Phillip Johnson makes it clear that the correct place to begin science is with the Bible:

"Evolutionary science has made many attempts to explain religion in general, or Christianity in particular, on naturalistic assumptions. Now it is time to return the favor, by allowing theology to explain why science is so reliable in some ways, and so disappointing in others, and why Darwinian science in particular has come to such a dead end. The place to begin is ... in the opening Gospel of John.
'In the beginning was the Word, and the Word was with God, and the Word was God. He was in the beginning with God; all things were made through him, and without him was not anything made that was made.'"

And he also makes it clear that, in the end of things, theology is more important than natural science:

"If heaven really exists, then the authority to determine how to get to heaven is vastly more important than the authority to say how the mundane cosmos works, since the latter deals only with earthly knowledge that will soon pass away."

William Dembski similarly argues, in his book Intelligent Design: The Bridge Between Science & Theology, that:

"...any view of the sciences that leaves Christ out of the picture must be seen as fundamentally deficient."

And the Discovery Institute website features articles about cloning, abortion and ethics in general, arguing that, under materialism, ethics have no basis.
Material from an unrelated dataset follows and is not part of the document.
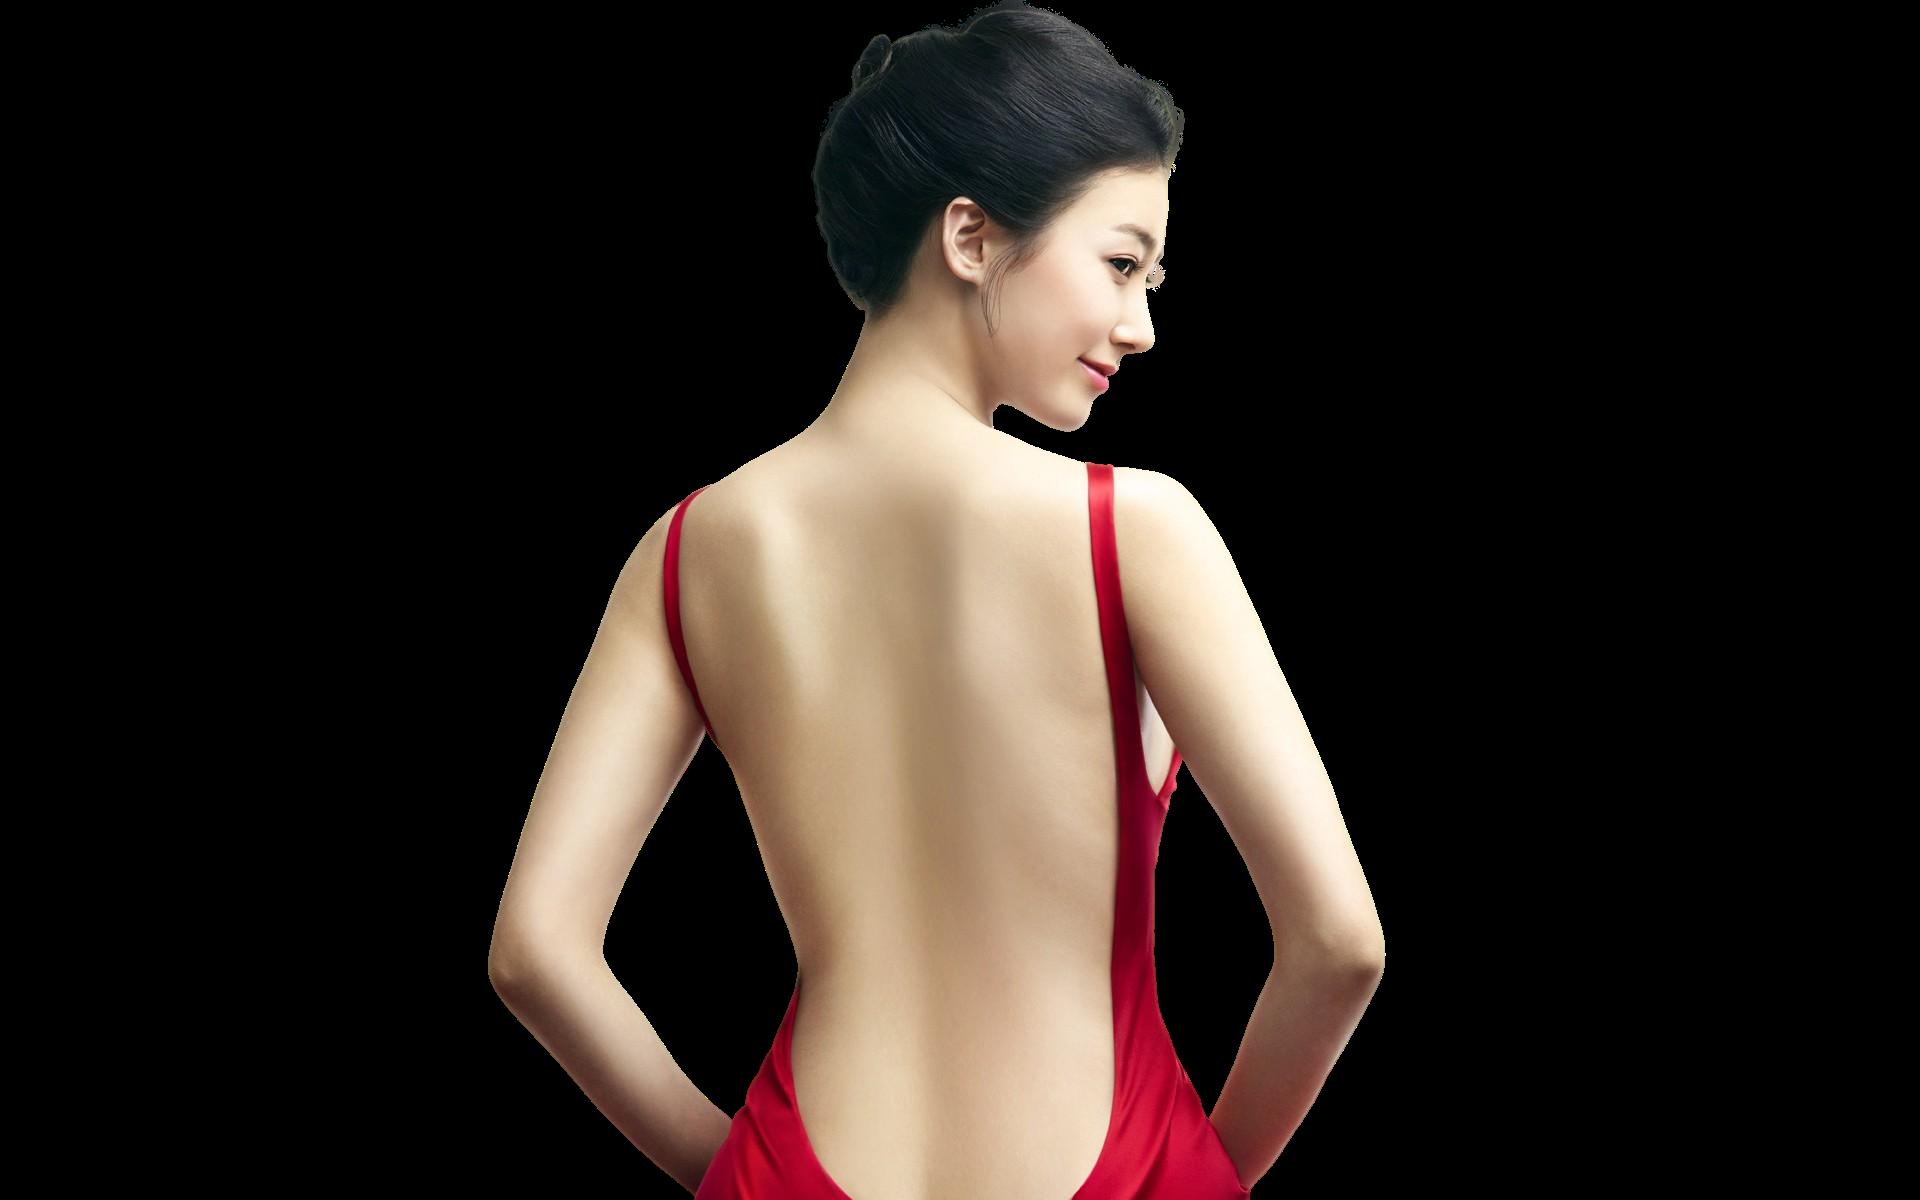 차현정_00-removebg.png

That is hardly a scientific issue. The Discovery Institute itself has changed its banner from a religious theme to a secular one in order to dispel the accusation of being tied to religion.

Intelligent Design is therefore a religious movement seeking to establish a compelling case for Christianity by means of scientific apologetics. It is a church-state issue. Under evolution, one is free to be an atheistic evolutionist or a theistic evolutionist; IDists want to end this freedom and make everyone be forced to believe in their religion.